From the window of ICU I saw a man in a suit. He seemed important. Under his arm, he was holding a tray covered in theatre-green linen and talking on a mobile phone.  Then I saw him in the unit attending to an unconscious child lying on what looked like a butcher's block in full view of the public gaze. He was attempting to cut down into a vein to put up a drip. He was trying to save a dying child and yet I wanted to run in and ask him if he had considered washing his hands at any point. Then I realised, we had seen the only available sink which was in the nurses' office. It was completely broken. Smashed in three places and wasn't going to be mended any time soon. Poor doctor, attending to one of his potential 50,000 patients and doing his best for each of them. My thoughts of criticism soon evaporated in the sense of esteem that  I now held for this doctor.

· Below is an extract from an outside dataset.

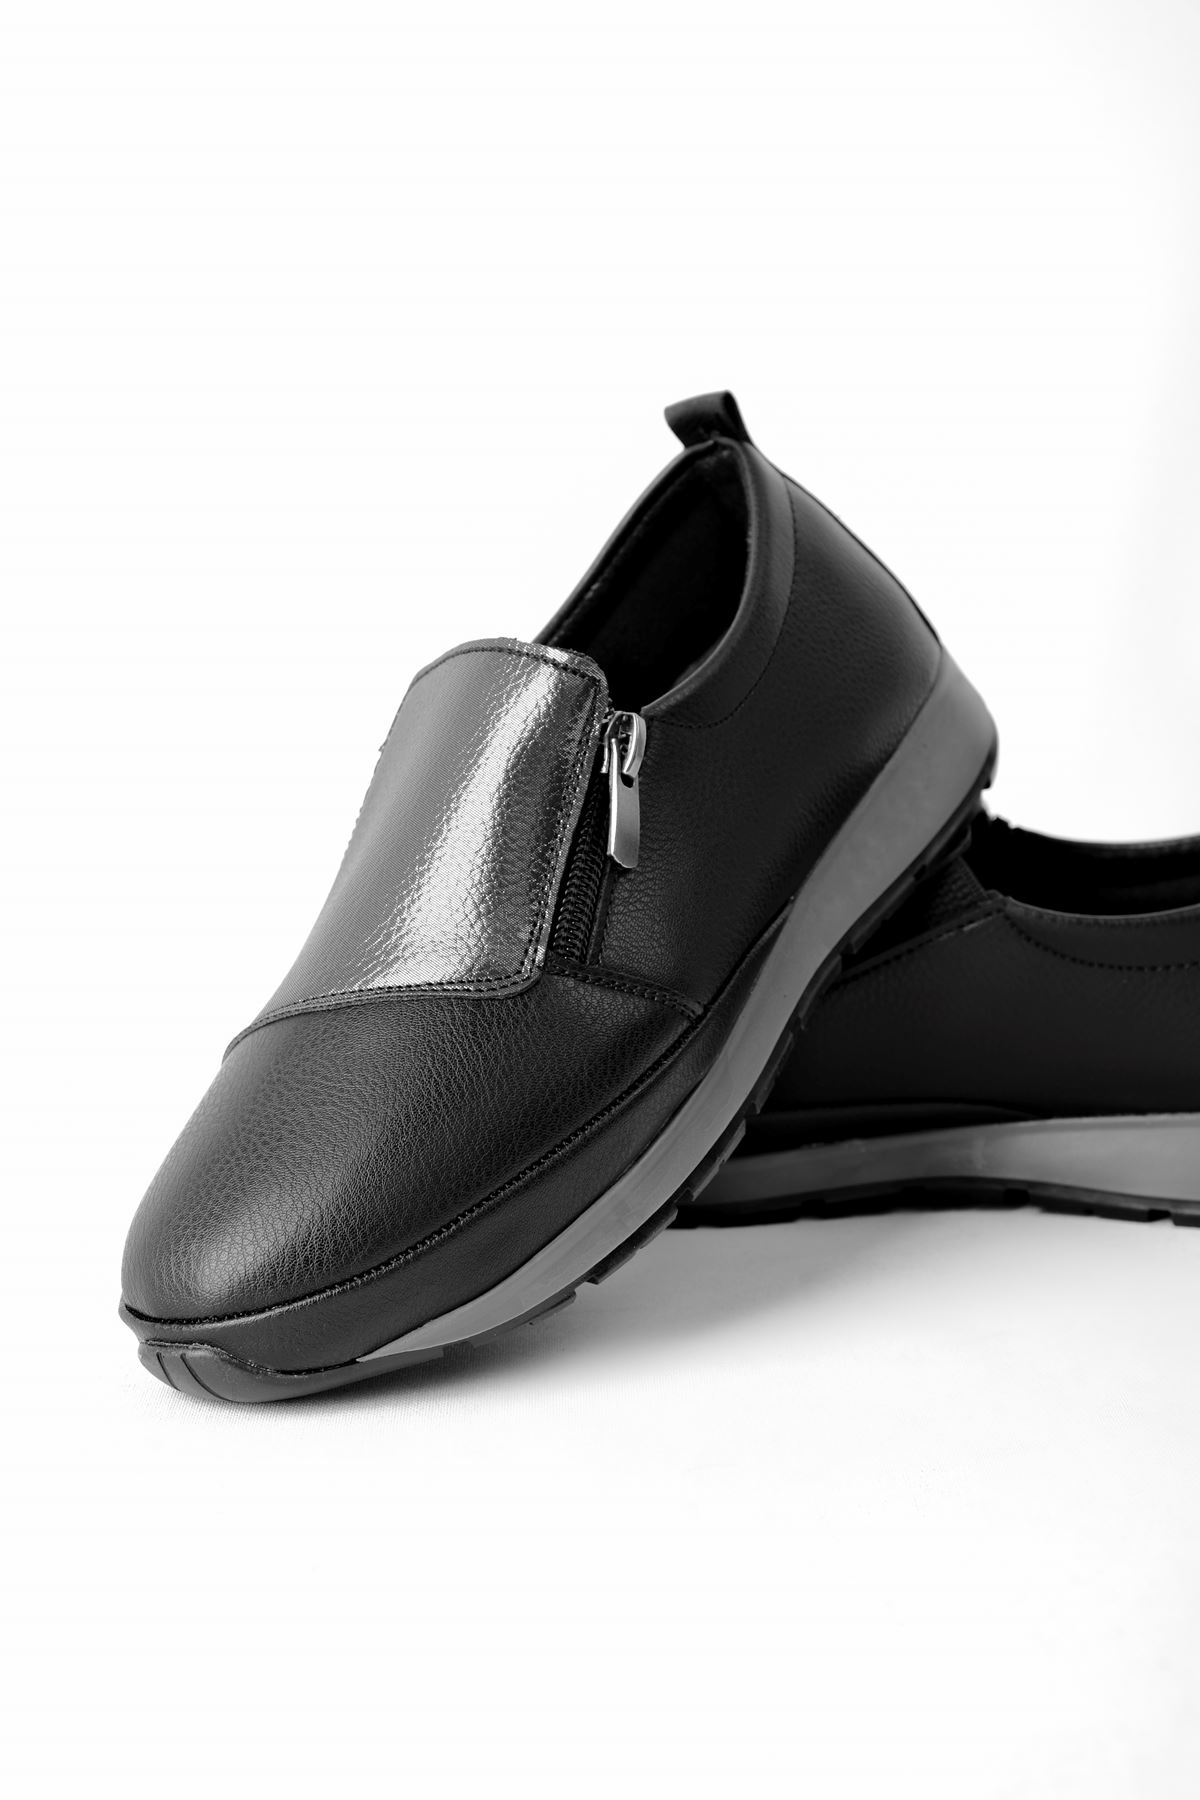 Celinda Kadın Günlük Ayakkabı Fermuar Detaylı-siyah

We went to the surgical wards to see some people from the village. It seemed that no matter what the diagnosis, this was where you were admitted. I was most disturbed by the burns patients. I don't know how they didn't all have wound infections.  The open fires that the Maasai cook over result in so many people, young and old being treated for burns. Every patient that I saw made my flesh creep.          

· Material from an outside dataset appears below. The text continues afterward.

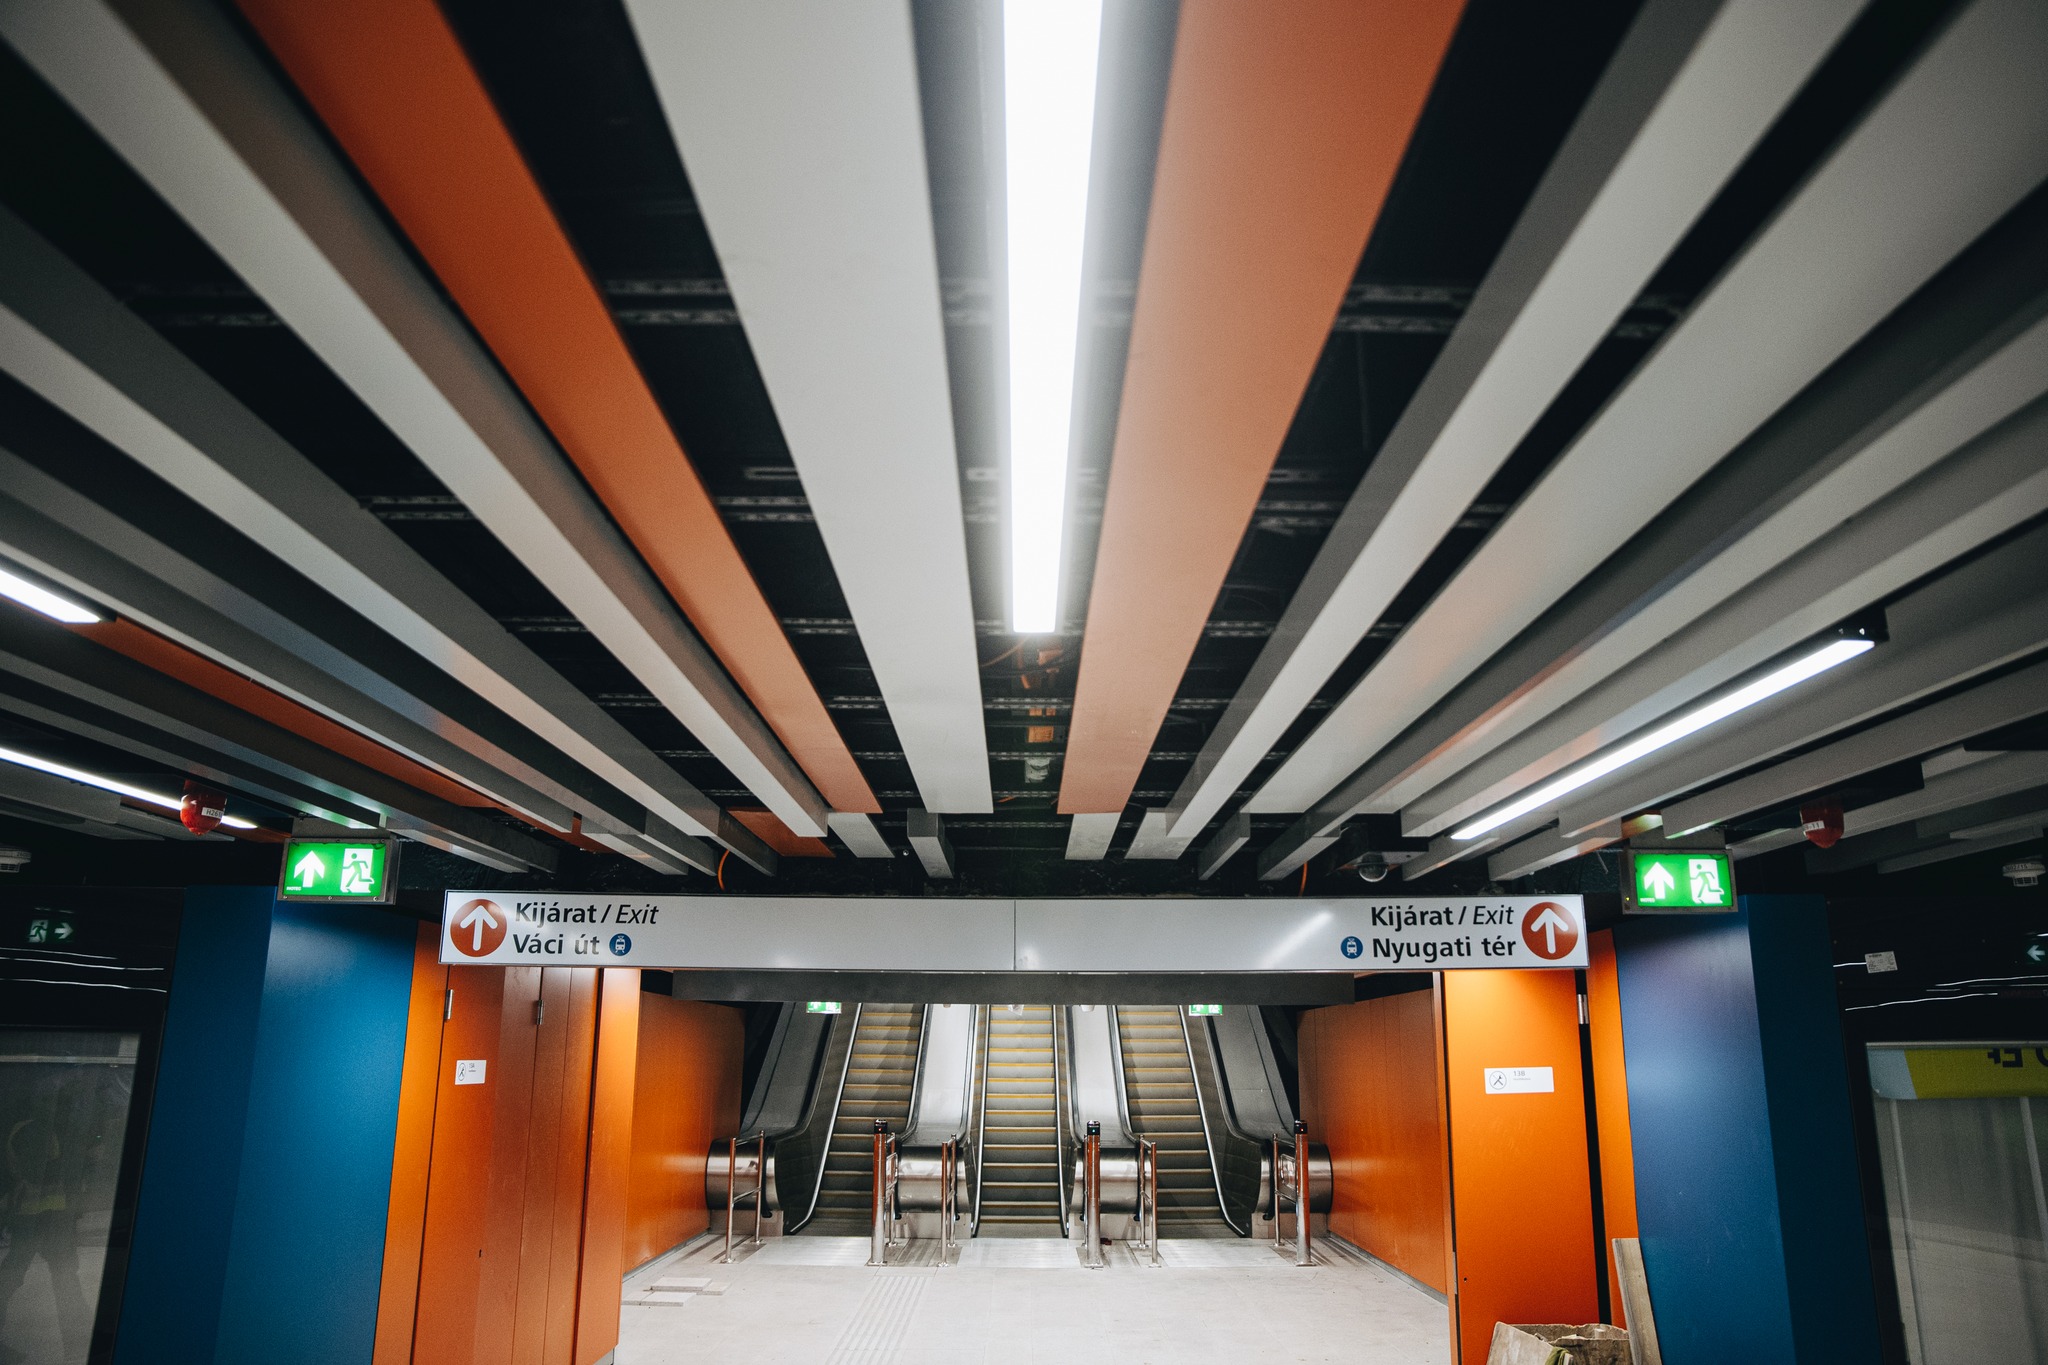 Karácsony Gergely megmutatta, hogy néz ki a felújított Nyugati téri metrómegálló, amit hamarosan átadnak

I use the word 'treated' as if they have the quality of dressings that we would expect in England. In reality, they had plain gauze stuck over the open sore with zinc oxide tape. I just hoped I wouldn't be present when the dressing would come off. I couldn't bear to think that there isn't even clean water to help to soak it off gently.  

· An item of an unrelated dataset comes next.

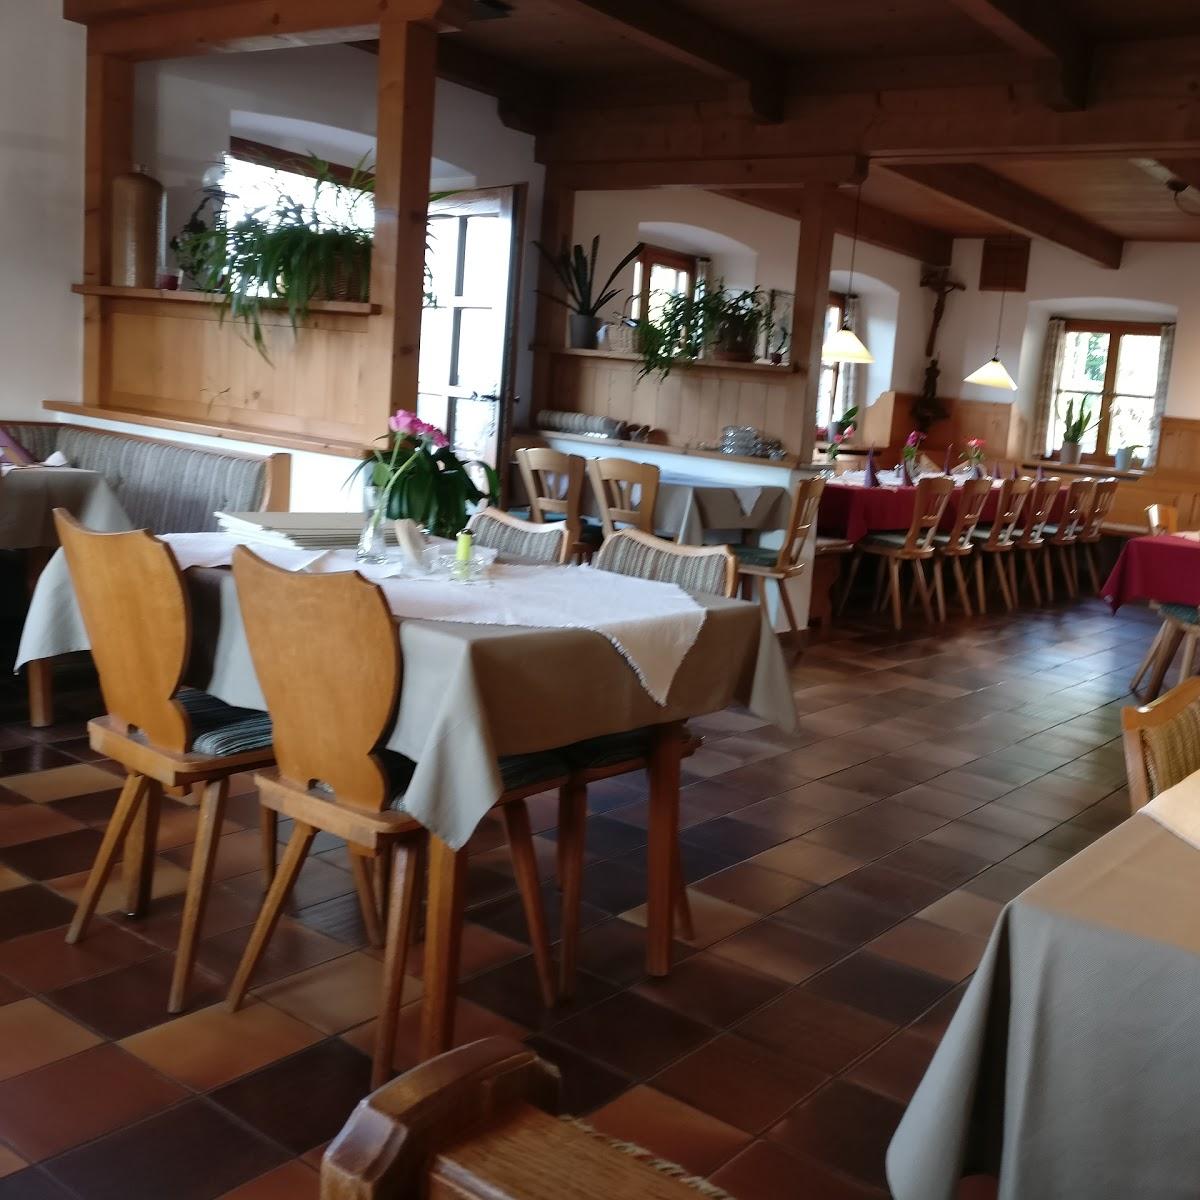 Restaurant "Berggasthaus Weingarten" in Ruhpolding

These scenes came back to my mind when I phoned Timothy last week to ask if everything was OK as I hadn't heard from him. He said quietly that they had been to hospital as their two year old had fallen into the open fire and into a pan of boiling hot porridge that his aunt was cooking. My heart froze. I thought of the delay in getting to hospital as he wasn't in 'our' village with access to the ambulance. I thought of the long queues that they would have to wait in without emergency care; there's not even an ice cube and no pain relief. Then I shuddered as I thought of the gauze fibres of the dressing sticking to the burned skin.

I contrasted the look of pride on Rebecca's face as she pointed to that sign 'Morogoro referral hospital'. She was so grateful to have it available to her people.  I contrasted it with complaints I heard this week about health services available in Britain. I have to pause and create a gap between those two attitudes which are poles apart. OK, we may have to wait sometimes to access one of the half a million employees who can help us but we are actually very very well off aren't we? Yes, we are very well off indeed!